SylviaInCanada Report 17 Oct 2013 21:45

when we first started working for the university here, we were paid twice a month .............. on the 15th and the last day of the month.

At first, we got a cheque with out pay slip, and had to take the cheques to the bank ourselves.

But then they started paying the cheques directly to the bank ............... but that was such a hassle for the longest time.

Because several times a year, the cheques would not be in your account on the expected date.

That's when we got in the habit of making direct payments from the bank 2 or 3 days after our salaries were supposed to be deposited.

Then they changed the system so that everyone was paid once a month, on the last day. That took some getting used to, as we were used to budgeting for 2 weekly payments.


It all works like clockwork now, of course ................. even goes into the bank early if the last day of the month falls on a weekend or a Stat holiday

SylviaInCanada

SylviaInCanada Report 17 Oct 2013 21:40

DET .................


We were paid for 12 months, beginning of September to end of August, but the July cheque was double the amount.

It may have been either because the staff at the Education offices were on holiday in August, OR because the single teachers almost all left the area in summer, while everyone else went on holidays ................... so it would have been difficult to hand us our cheques.

But the real problem was that we were paid at the end of the month (naturally enough!), so getting through the month of September was hard, especially if you had been unwise and used your August money to go on holiday :-)

Lyndi

Lyndi Report 17 Oct 2013 13:46

I worked for a year as a 'bonus clerk' in the wages office of a factory. Every Friday morning someone collected the money from the bank (until they were mugged on the way back - then the money was delivered) and then we sat at desks with the little brown envelopes, wage slips and money in the middle and put the right amount in each envelope. Oh the drama when we finished and there was a coin or note left on the table lol - we had to check each envelope till we found which one was short.
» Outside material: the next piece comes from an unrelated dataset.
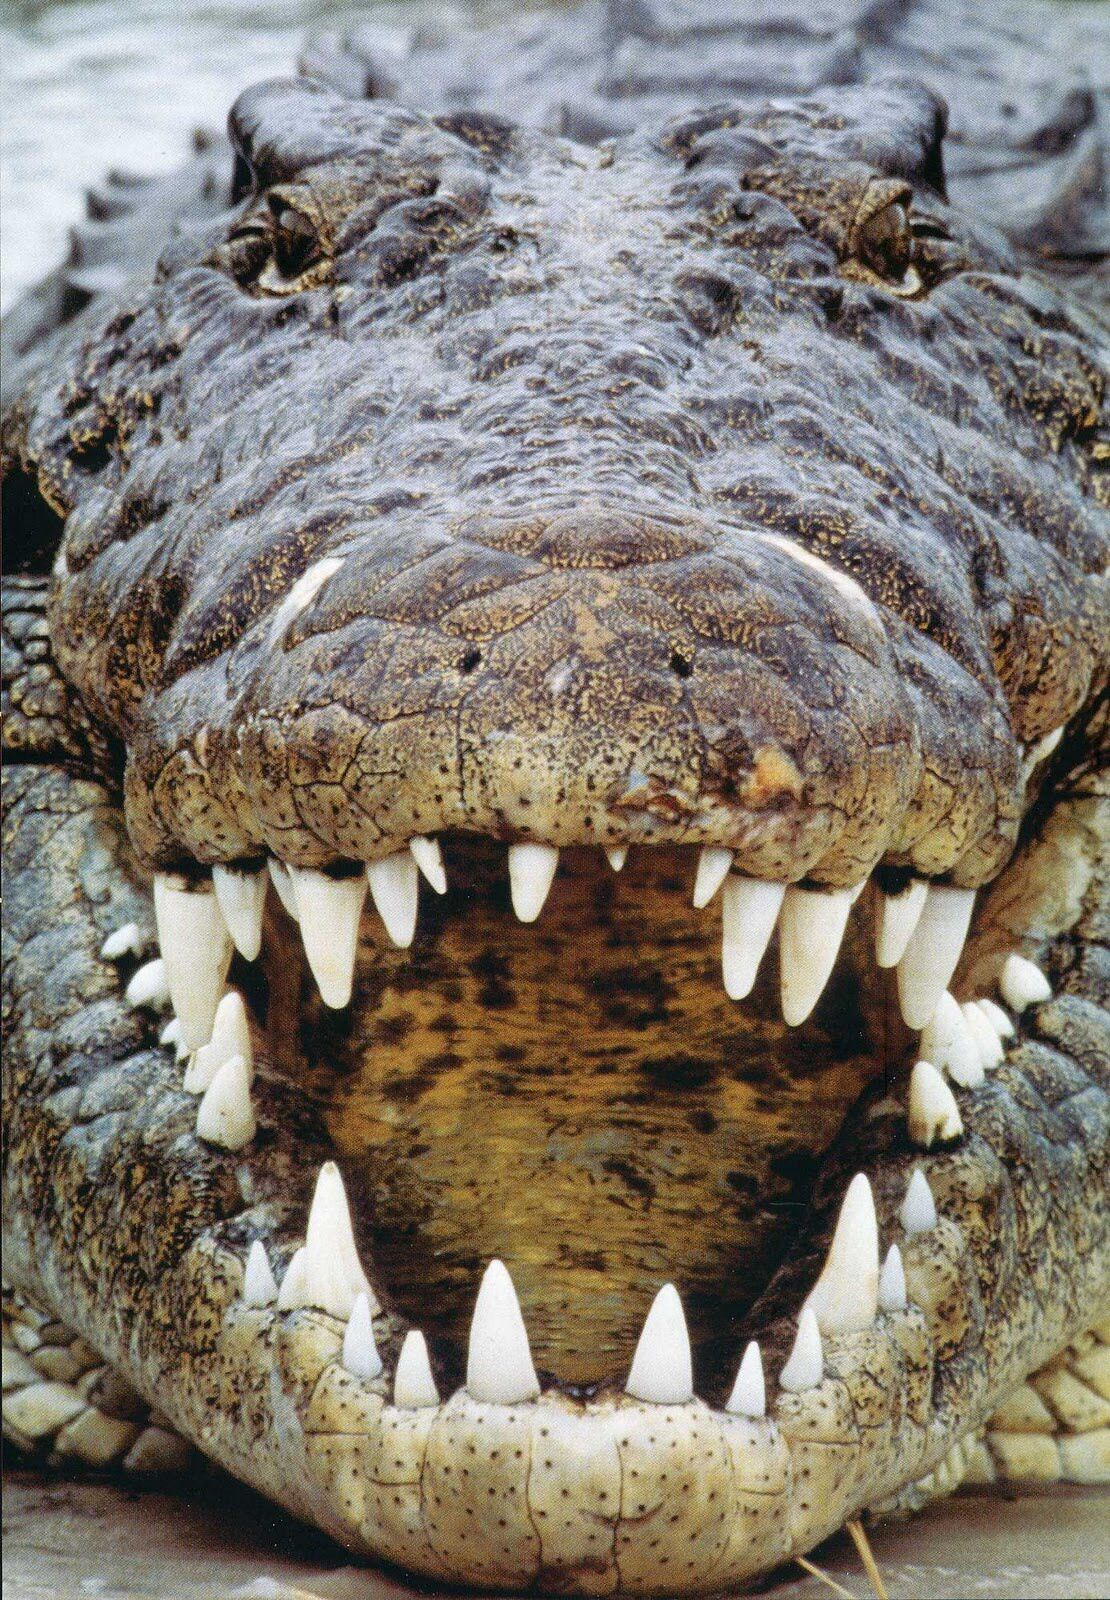 Le Crocodile Marin Crocodylus Porosus Ou Crocodile A Double

If we were a coin short we would put it in ourselves rather than go through them all - no one ever came back to say they had too much, but a penny short and they would be hammering on the door.

PollyinBrum

PollyinBrum Report 17 Oct 2013 10:11

Aaaahhhh he little brown envelope. When I left school I worked for the local authority and was given the "responsibility" of checking the pay clerks figures then checking the cash with the amount on the front of the envelope, them putting it in the envelope. Phew what a responsibility. The senior pay clerk was name Horace a terrifying man, and once told me off for laughing whilst I was working' he used to tut tut all the time, and peer at me over his glasses. Needless to say I do enjoy a laugh so I did not endear myself to him.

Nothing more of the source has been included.